Exposed to more volatility risk with little or negative ROI
When it comes to investments, risk is a major consideration. The more risk you take, the more potential return you can achieve. Because of the interest rate I was paying, the timing and frequency of my repayments, and the general volatility of the stock market, I significantly increased the amount of risk to which I exposed my money. Yet I had very little chance of earning a commensurate return. Sure, if the market was down 28% I could pat myself on the back. But the amount of additional risk could have wiped out some, if not most of those savings. Over time, the best way to manage investments is to minimize risk while maximizing the return. Clearly my 401(k) experiment was just the opposite.

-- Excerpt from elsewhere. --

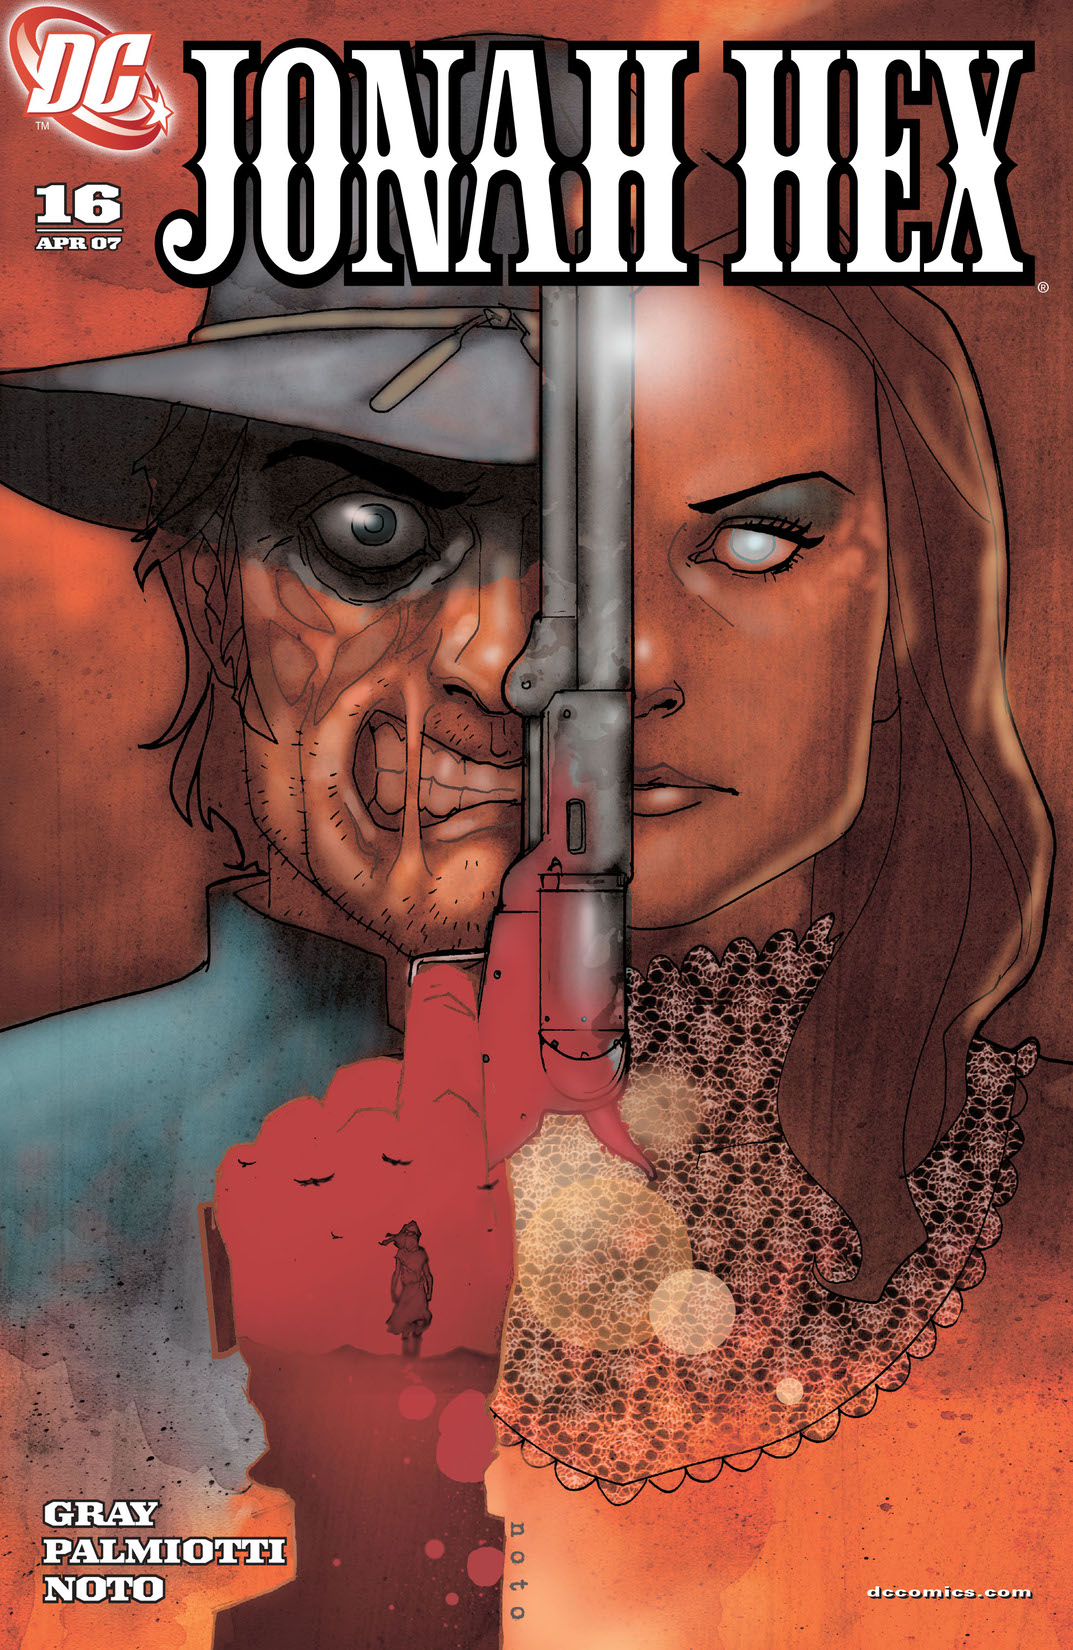 Jonah Hex #16 preview images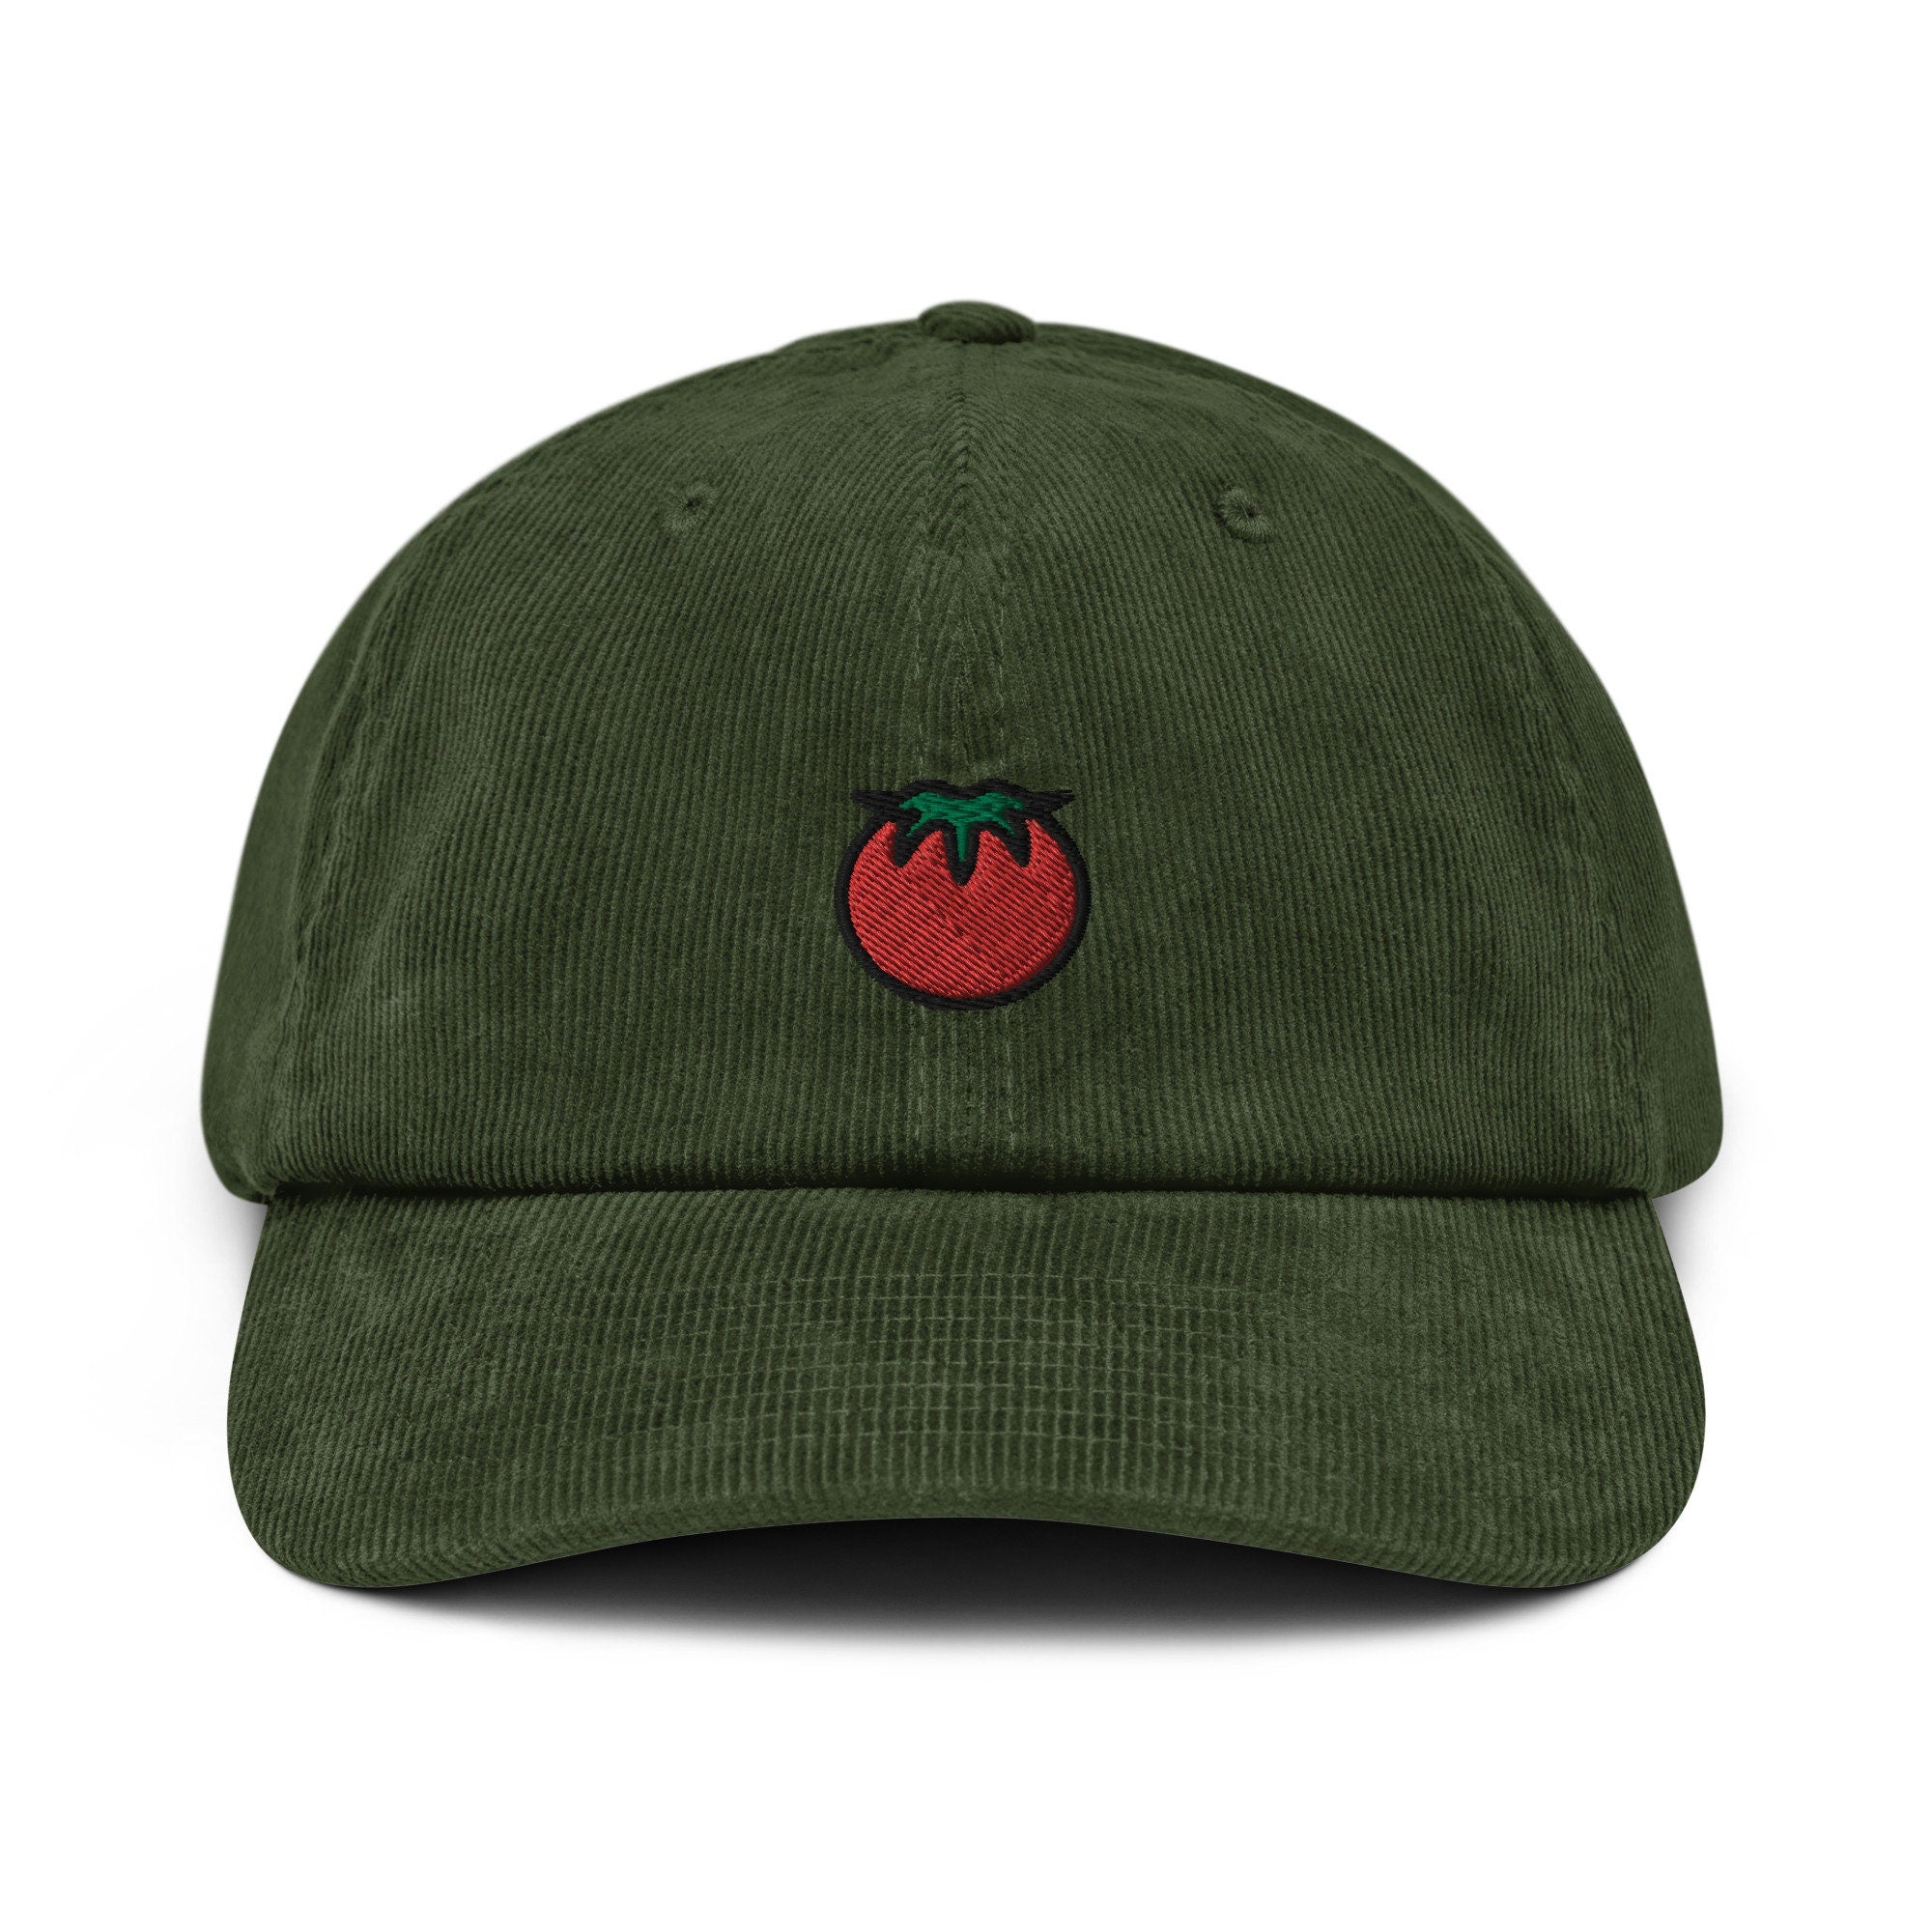 Tomato Corduroy Hat, Handmade Embroidered Corduroy Dad Cap - Multiple Colors

Double taxes on interest payments
The interest I paid during the last 1.5 years was with after-tax dollars. So I put already-taxed money into a plan that will require I pay tax on it again when I take it out during retirement. Let's imagine I paid a total of $500 in interest up until I paid the loan off today. Assuming a 25% federal and 5% state tax bracket when I withdraw money during retirement from my 401(k), totaling a 30% tax bracket, that means I have to pay an additional $150 on my already-taxed funds. All of the sudden my low interest rate doesn't look so low any more and results in more overall risk exposure and erosion of after-tax earnings.
Emergency if you leave the company
Here comes the trickiest and riskiest part. If, for any reason, I am no longer an employee of the company, I have to pay back the loan or I am subject to early withdrawal penalties of 10%, not to mention the entire unpaid loan amount would also be taxable. I caught a glimpse of what this might be like last year when the company I work for was purchased by another company. To get everything organized correctly, we were all fired by the old company and then immediately hired by the new company. We started on the new company's 401(k) plan immediately, but the old plan treated me like a terminated employee and was going to report my loan as taxable and subject to penalties. Luckily I worked out an arrangement with the new company to avoid this, but the risk of this happening is very real.
Laziness and lack of discipline allowed debt into my life
Along with my credit card use, this 401(k) loan was probably my most irresponsible financial decision. And it all came because I got lazy and lost my discipline, neglecting the principles I had adhered to my whole life.
Done and done. Never again. Retirement investments are just that...for retirement. Have discipline, don't be lazy, and stick to the values of abhorring debt. If you are in debt, annihilate it with every spare dollar you earn until it is gone. If you are out of it, don't go back. Ever.